HellBride is good fun and very original - and I can appreciate that a tight budget is not going to allow for some massive Richard Curtis-style society wedding in a marquee the size of Wiltshire - but it lacks oomph when it needs it. Plus I still don’t understand who or what Beaky is. On the plus side, Cy Henty (who also contributed the drawings shown under the very funny prologue and epilogue) absolutely steals the picture with a terrific comic turn as Sinclair. Danielle Laws from KillerKiller turns up in a film-within-a-film, a monster spoof titled Squid Slayer that Lee and Ricky watch on TV.

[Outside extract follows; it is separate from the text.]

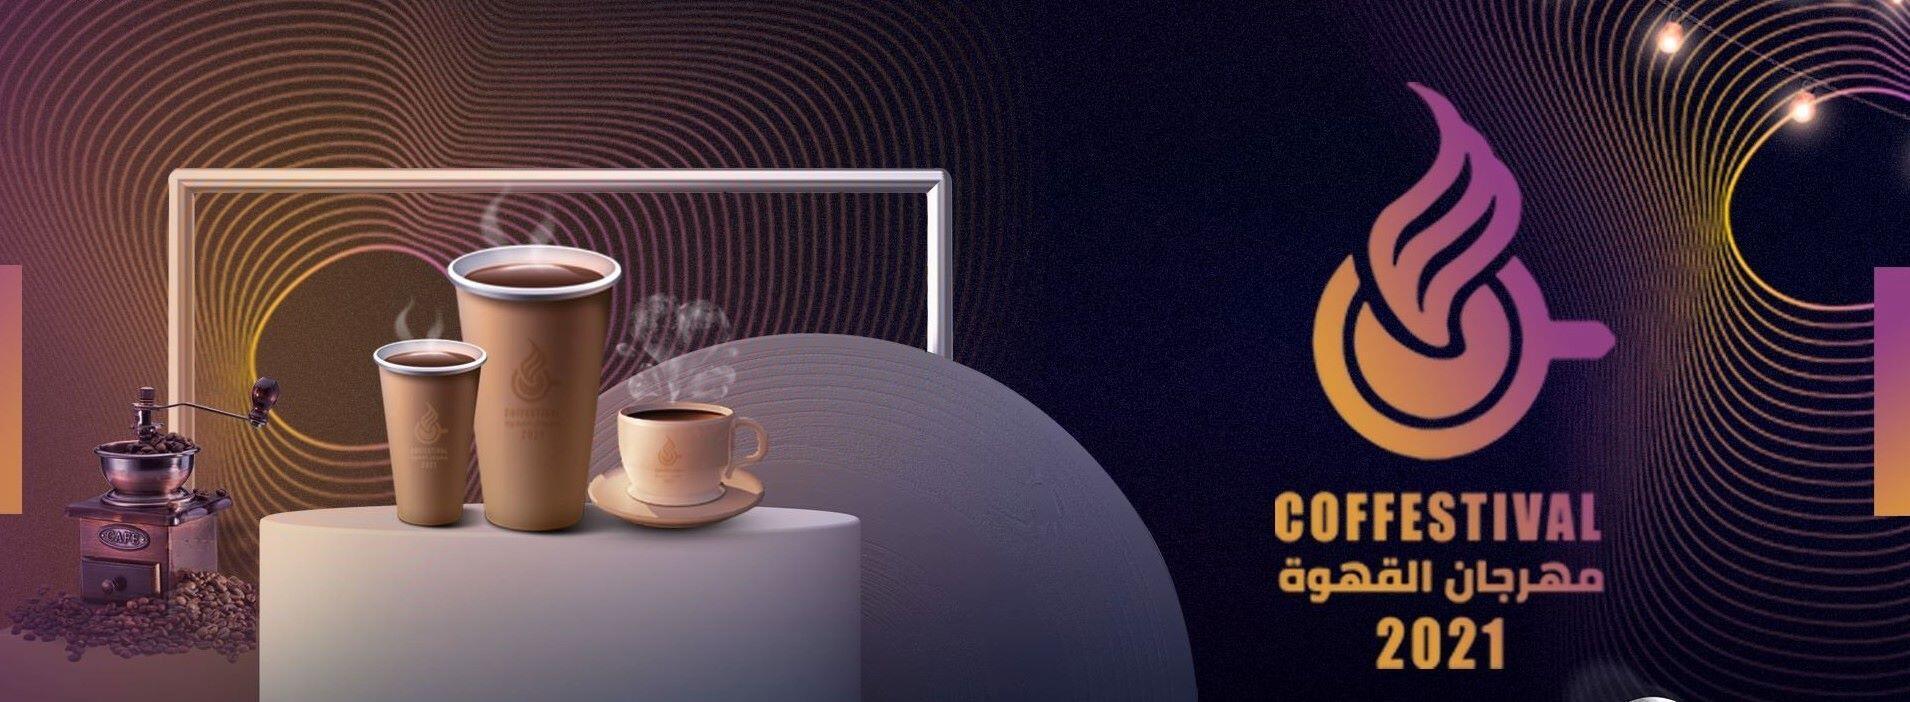 festival_cafe_egypte (3)

‘Gore and prosthetics’ are credited to Beverley Chorlton who also worked on KillerKiller and did a terrific job on both films. Alan Ronald (Jesus vs the Messiah) once again handles cinematography. Higgins pulled quadruple duty, as usual, as writer, director, producer and editor - and also found time to crop up in one scene as a comedy club compere.

I really wanted to like HellBride more than I did, possibly because my hopes of cake and a late bar were unrealistically high. It is a good, funny, gory, romantic comedy horror but it’s let down by that flat third act. Tighter editing and a background track of screams and gunfire would have made all the difference.